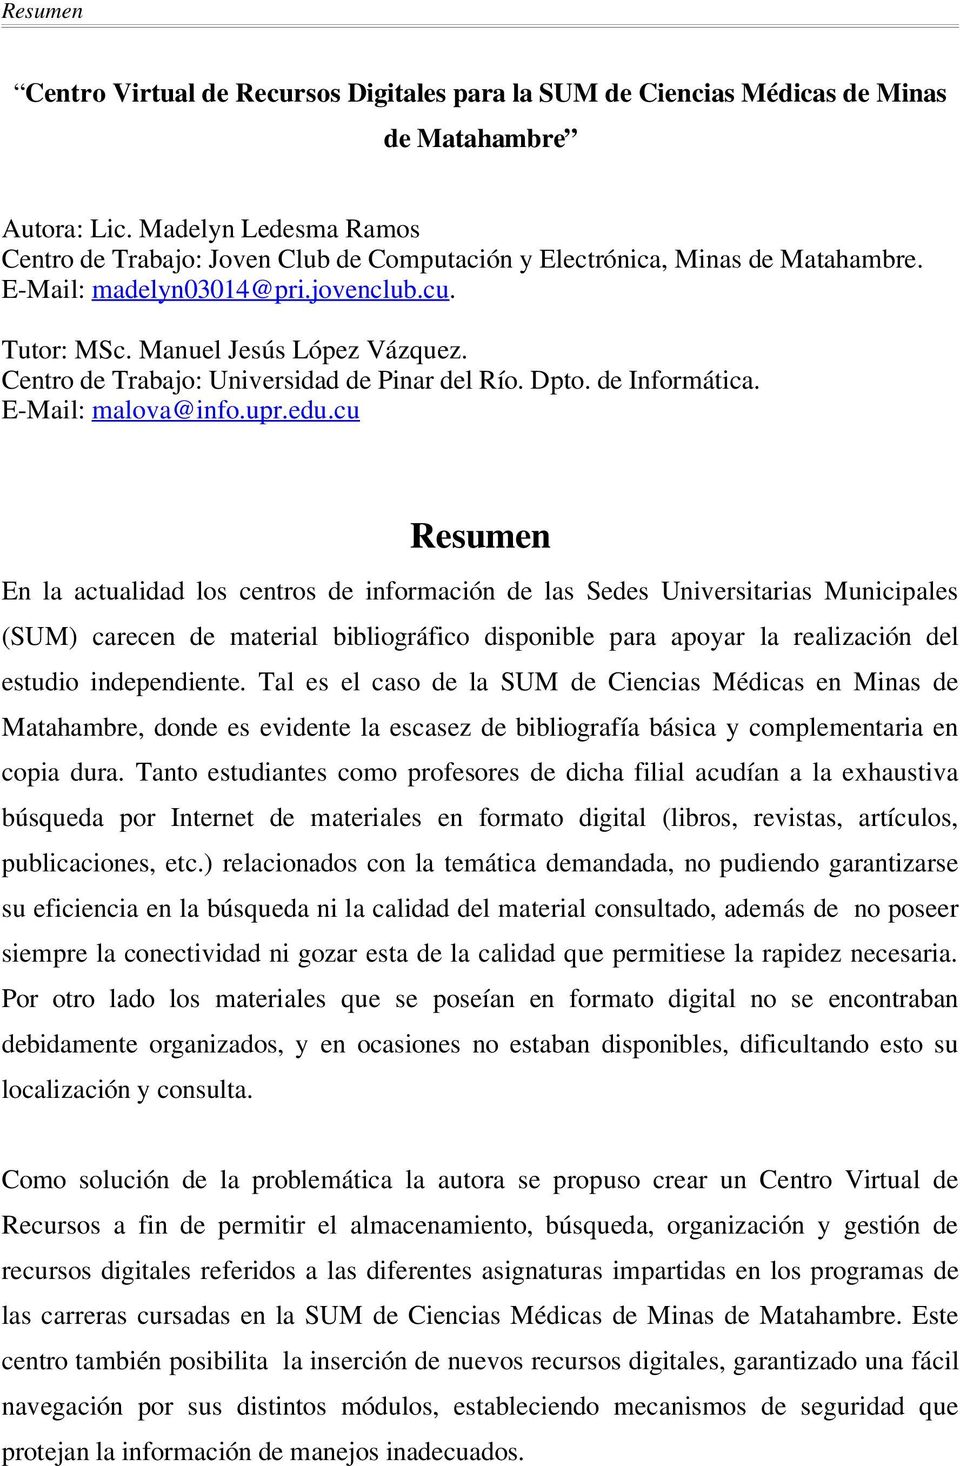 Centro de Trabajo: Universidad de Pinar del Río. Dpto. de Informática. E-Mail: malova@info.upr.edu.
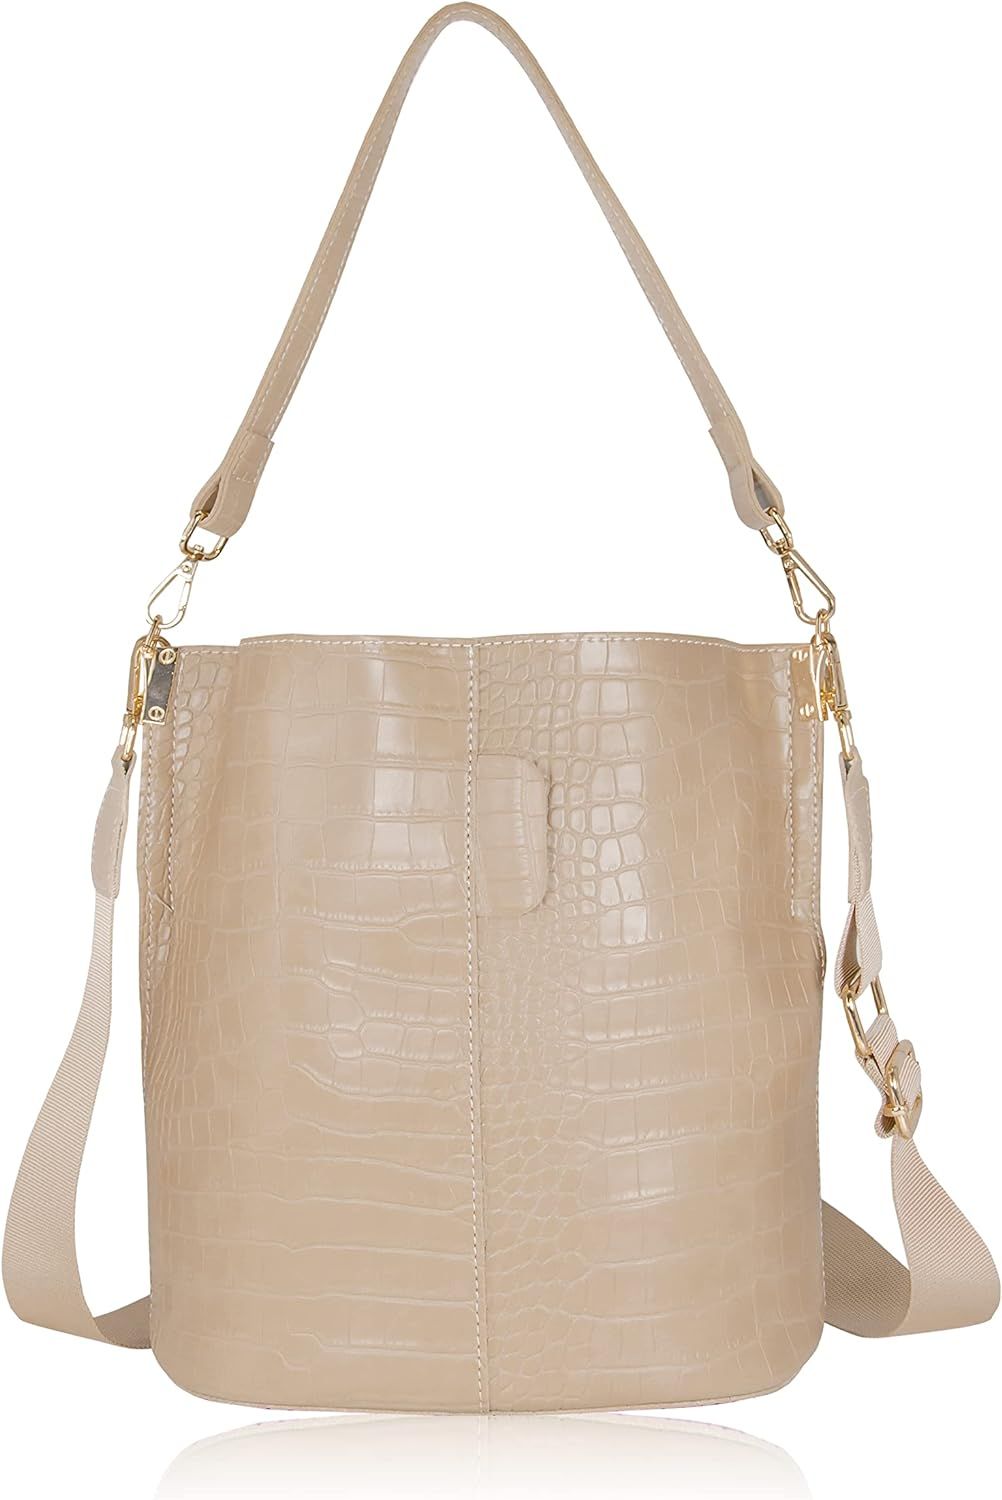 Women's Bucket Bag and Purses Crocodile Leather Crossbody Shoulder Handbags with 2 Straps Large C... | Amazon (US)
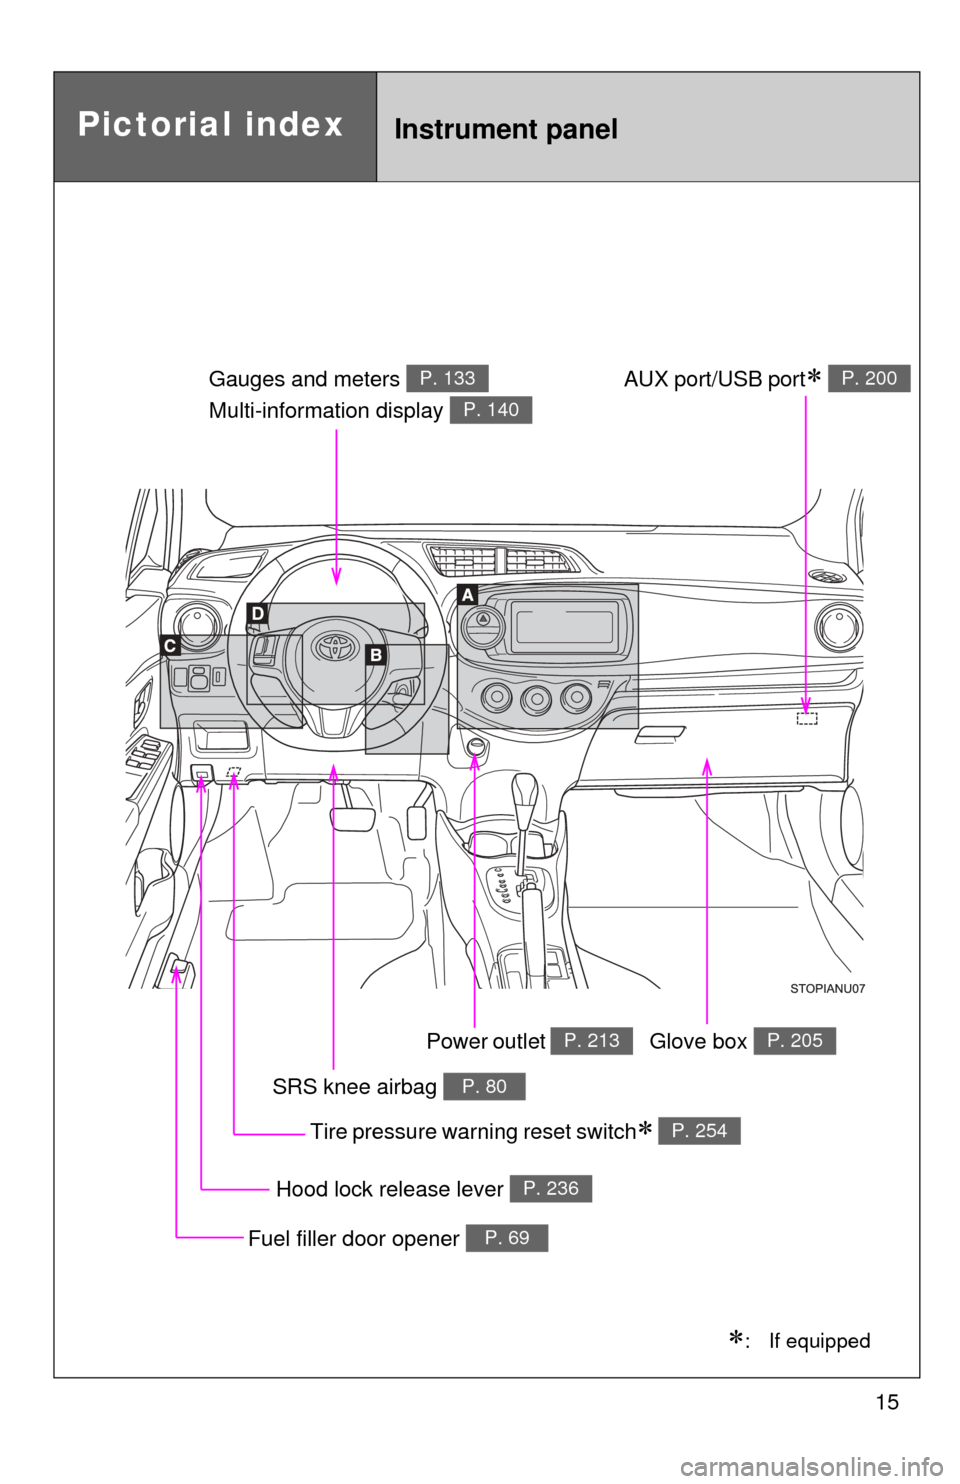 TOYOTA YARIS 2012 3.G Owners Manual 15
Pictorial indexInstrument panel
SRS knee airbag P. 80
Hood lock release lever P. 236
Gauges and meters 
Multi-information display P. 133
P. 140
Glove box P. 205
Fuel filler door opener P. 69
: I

----------------------------------------

**Your instructions:** From the first line to the last, restate the entries exactly, without pictures.

**Written reply:**
 Centro de Trabajo: Universidad de Pinar del Río. Dpto. de Informática. E-Mail: malova@info.upr.edu.
 Women's Bucket Bag and Purses Crocodile Leather Crossbody Shoulder Handbags with 2 Straps Large C... | Amazon (US)
 TOYOTA YARIS 2012 3.G Owners Manual 15
Pictorial indexInstrument panel
SRS knee airbag P. 80
Hood lock release lever P. 236
Gauges and meters 
Multi-information display P. 133
P. 140
Glove box P. 205
Fuel filler door opener P. 69
: I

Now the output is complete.